Study material
• • • • • • •

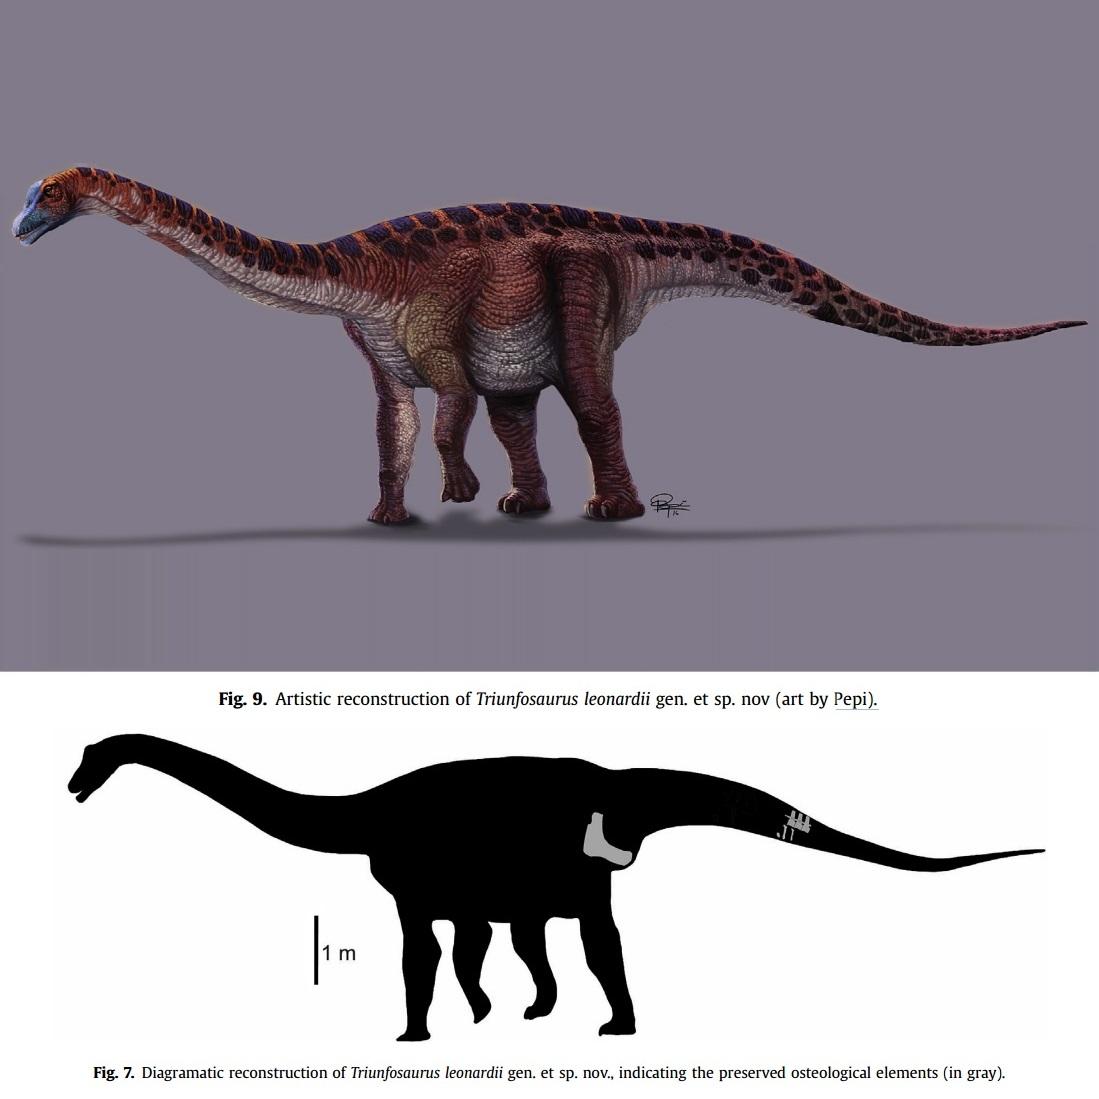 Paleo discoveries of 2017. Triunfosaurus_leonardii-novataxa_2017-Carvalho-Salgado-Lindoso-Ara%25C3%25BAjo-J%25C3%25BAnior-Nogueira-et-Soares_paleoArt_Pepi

• • • • • • •

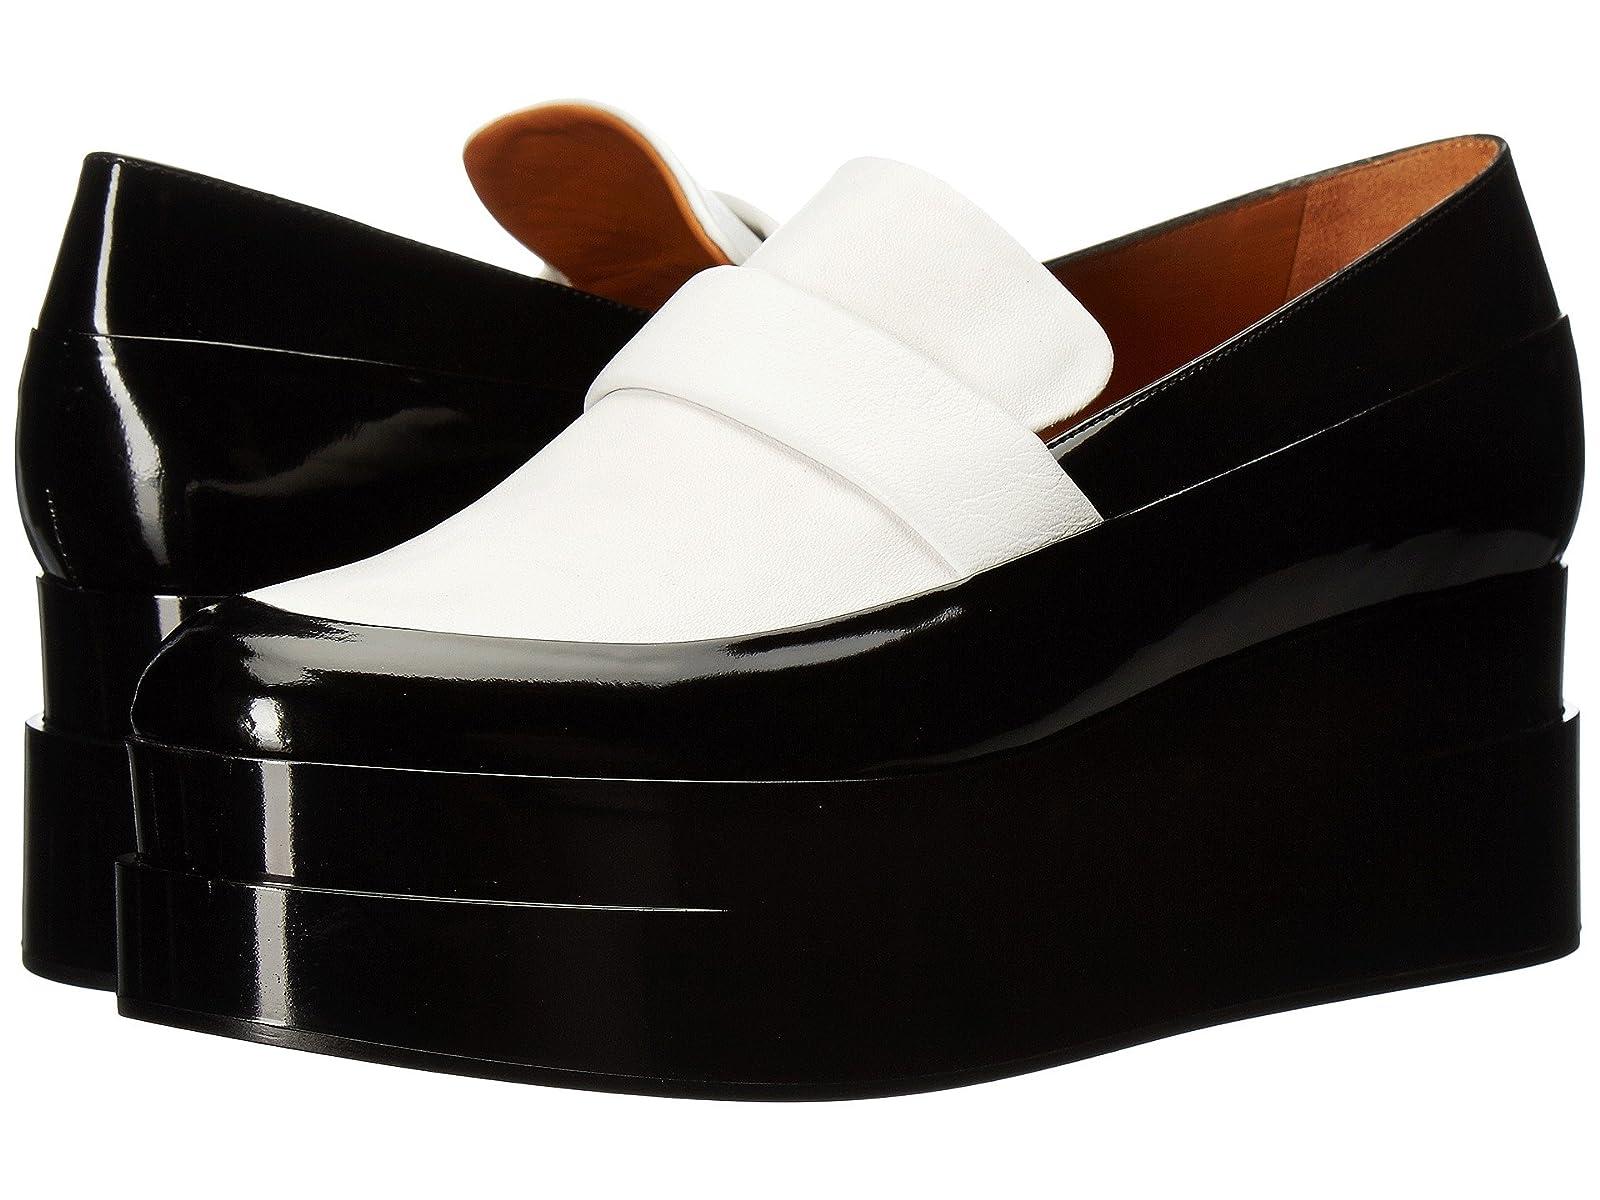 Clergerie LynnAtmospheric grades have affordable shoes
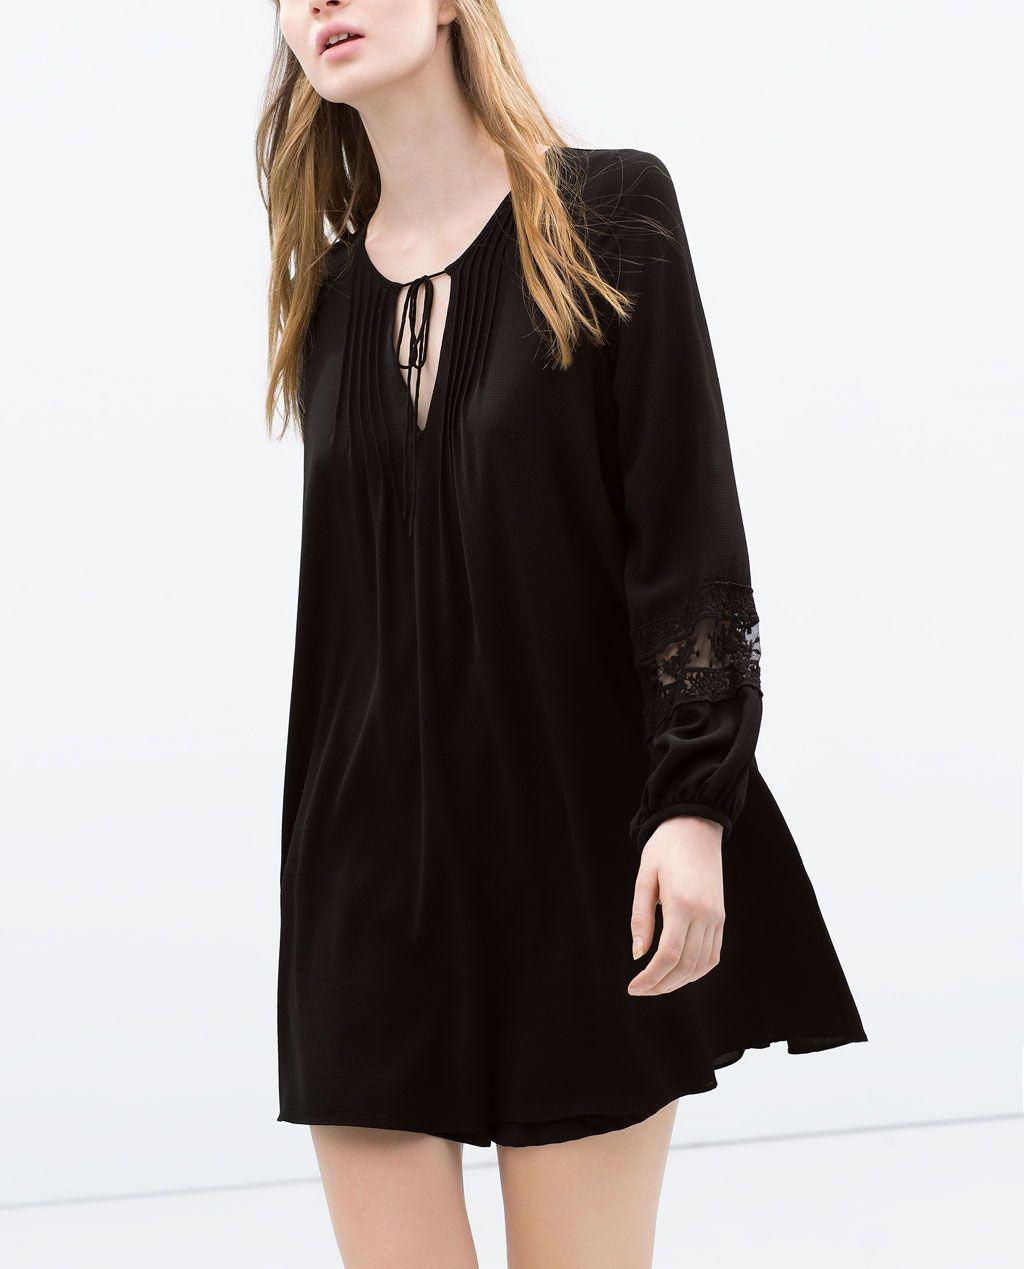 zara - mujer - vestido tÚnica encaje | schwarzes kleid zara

• • • • • • •

Would you give again, exactly, the lines in the data above that run from the line containing "Clergerie LynnAtmospheric grades" to the line containing "zara - mujer"? Include both ends and no pictures.

Worked solution
 Clergerie LynnAtmospheric grades have affordable shoes
 zara - mujer - vestido tÚnica encaje | schwarzes kleid zara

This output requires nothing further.